_About this exercise_
The data below is to be transcribed word for word; pictures are to be excluded.

_Source data_
::::::::
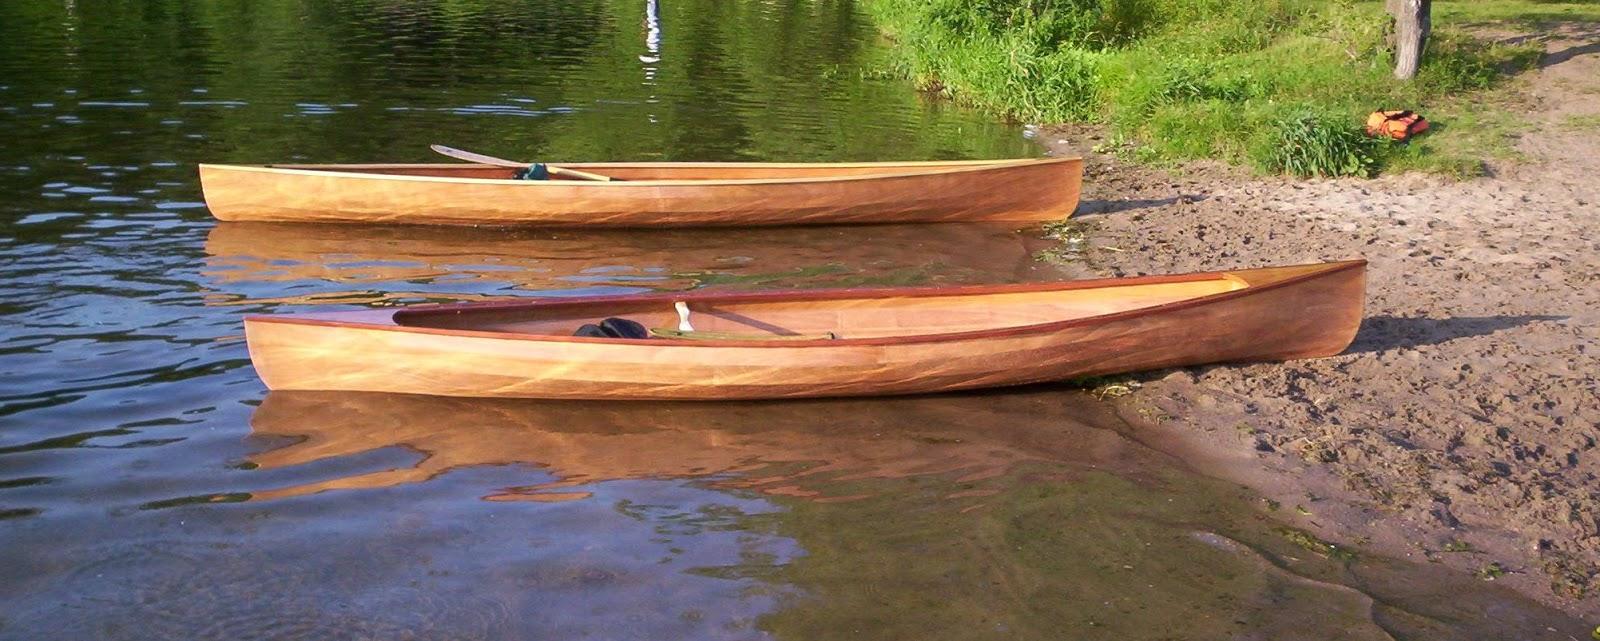 Building $20 Cardboard Boats! - YouTube   Canoe Design
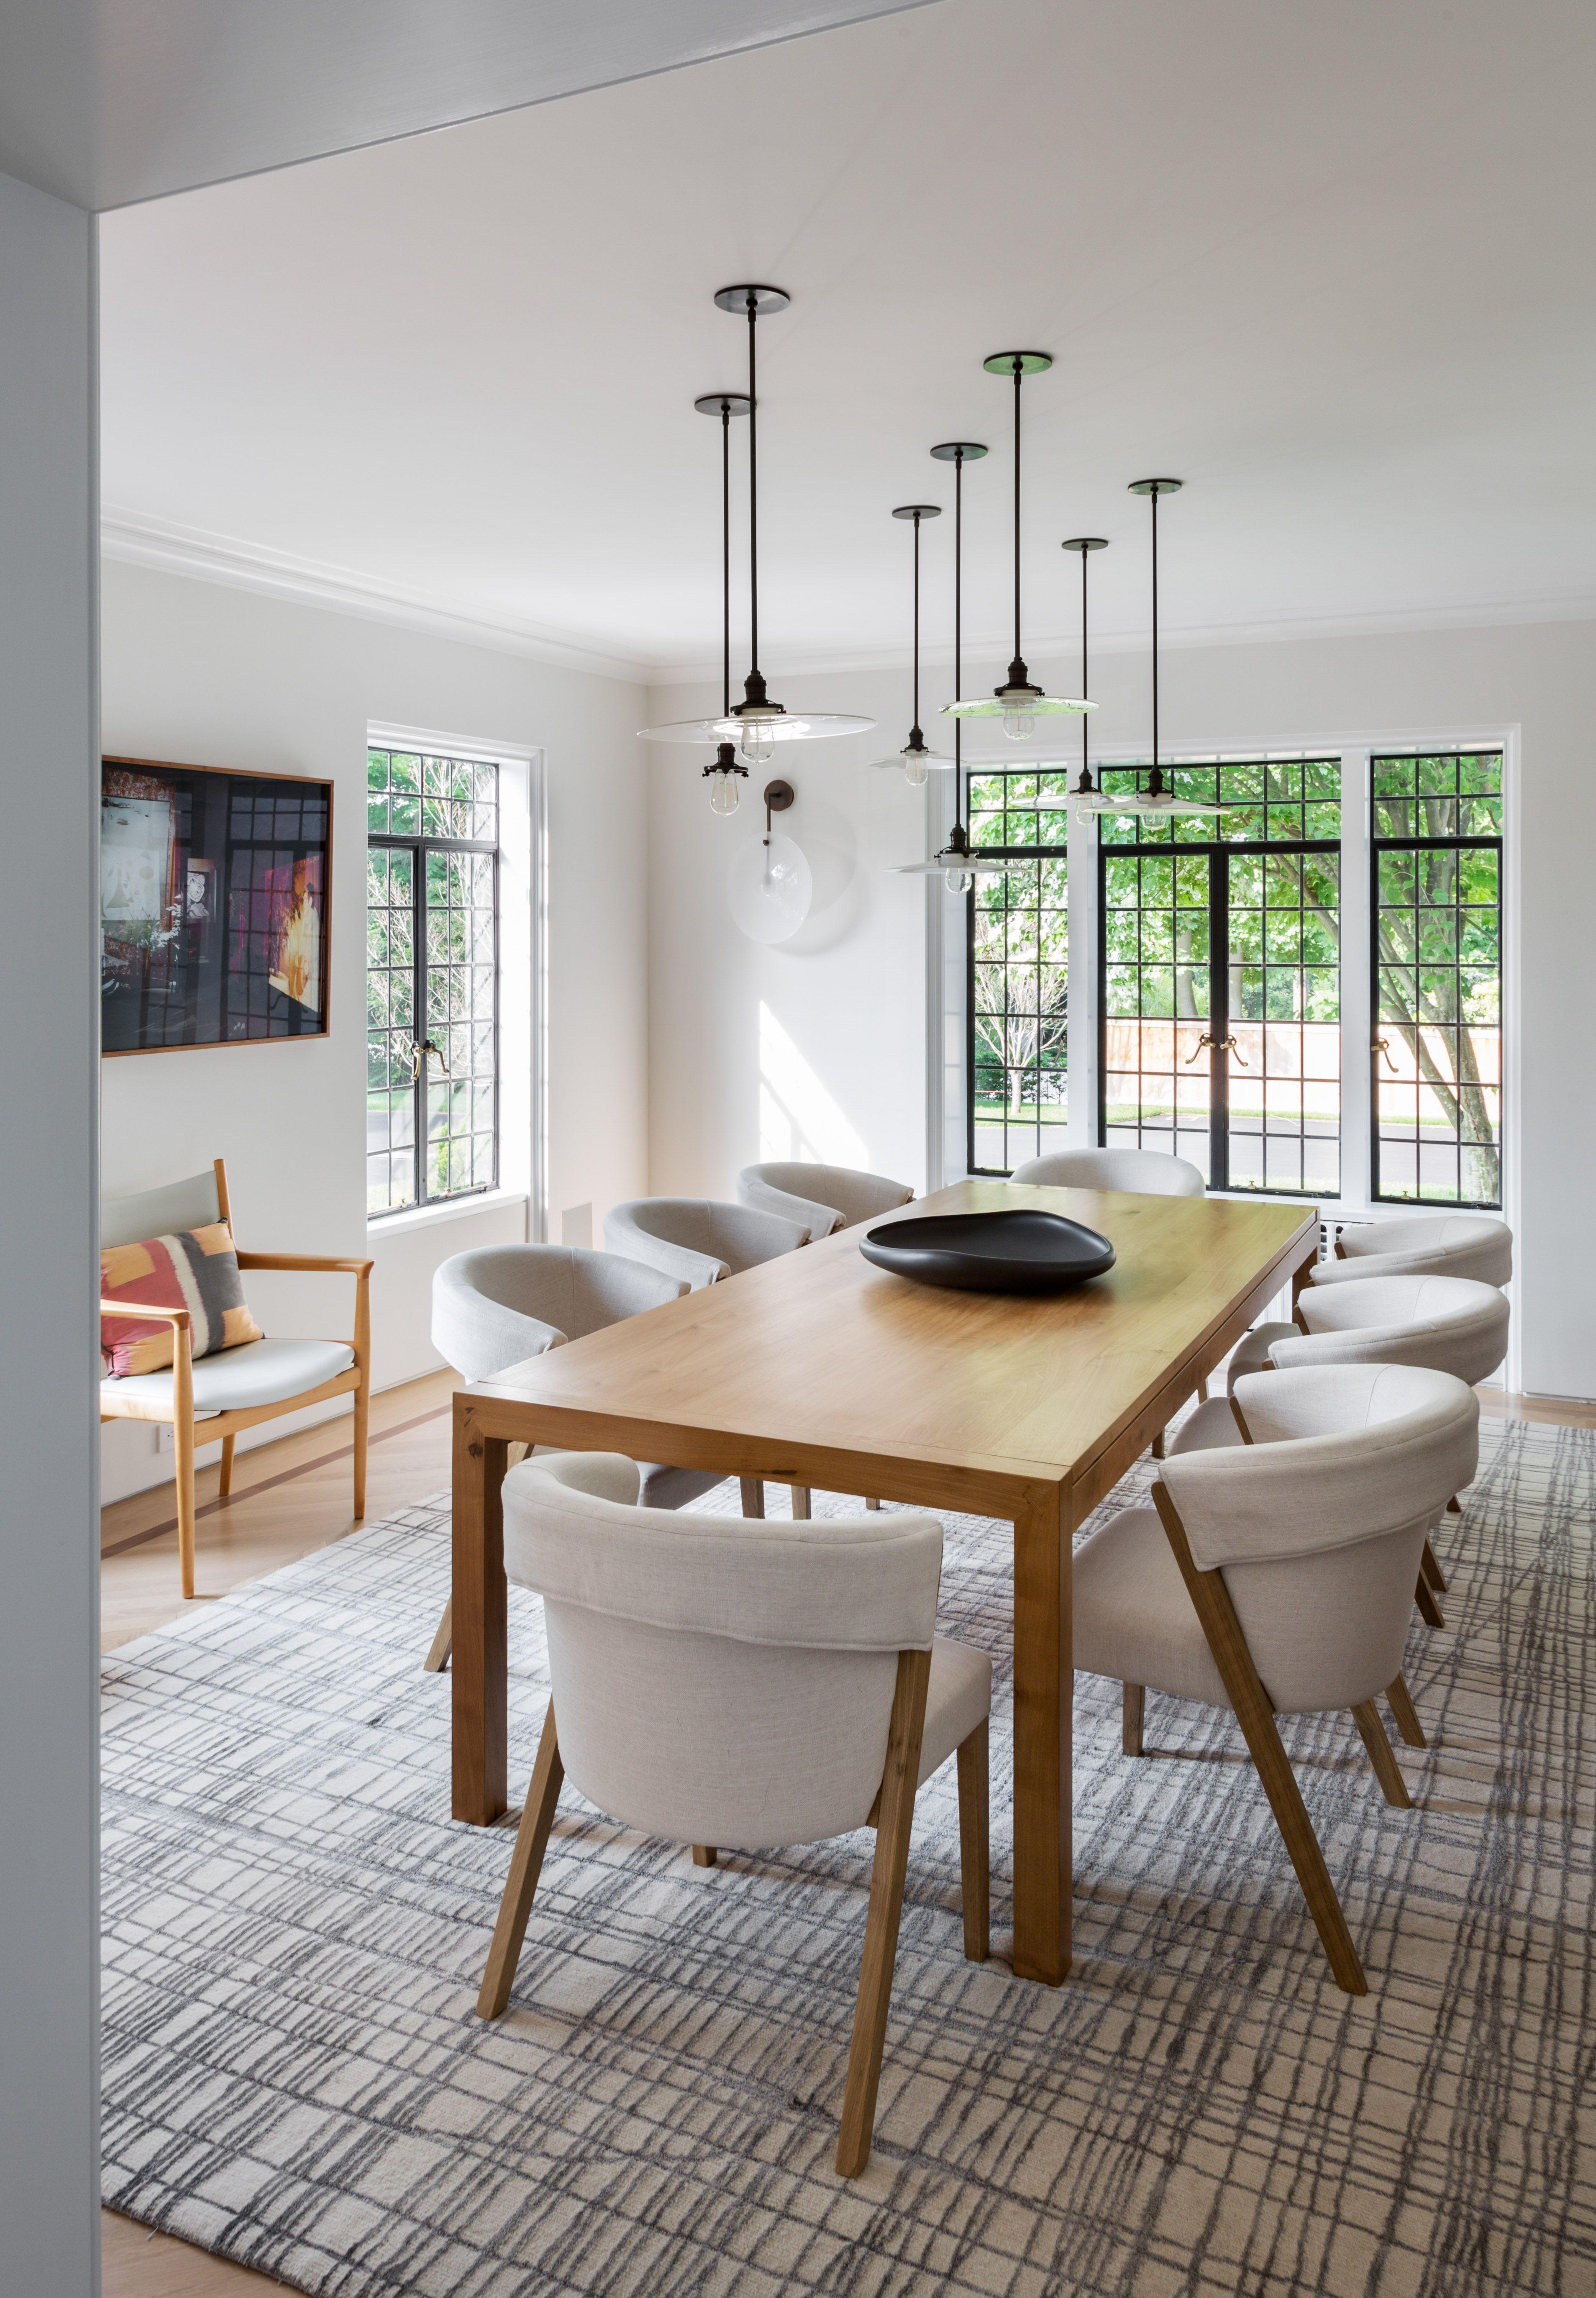 Minimalist Dining Rooms That Are Far, Minimalist Dining Room Table
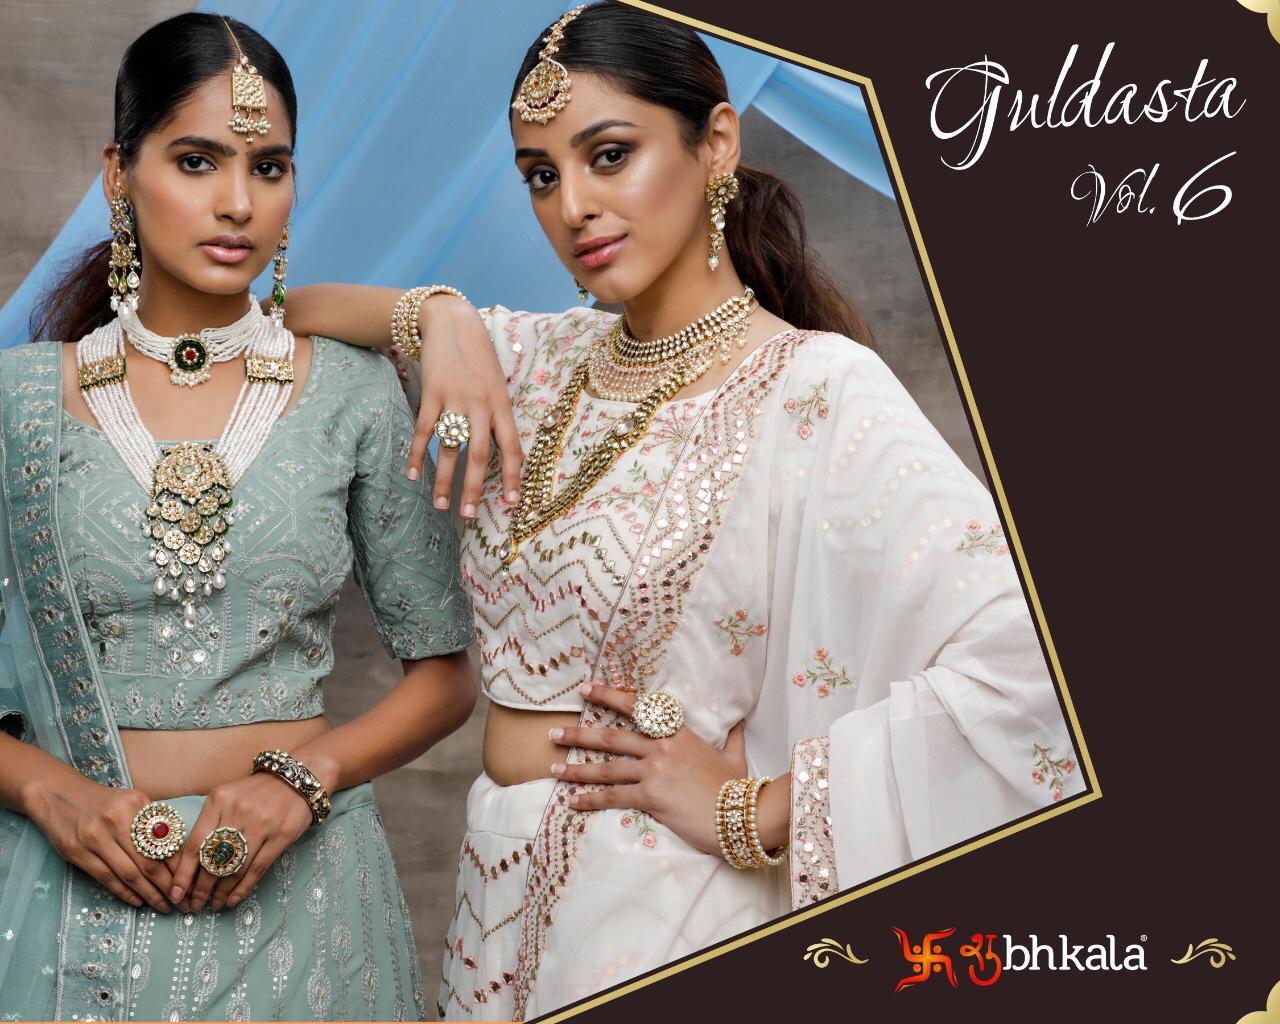 Shubhkala Guldasta Vol 6 Georgette Net Exclusive Designer Bridal Lehenga Collections
::::::::
_The answer_
 Building $20 Cardboard Boats! - YouTube   Canoe Design
 Minimalist Dining Rooms That Are Far, Minimalist Dining Room Table
 Shubhkala Guldasta Vol 6 Georgette Net Exclusive Designer Bridal Lehenga Collections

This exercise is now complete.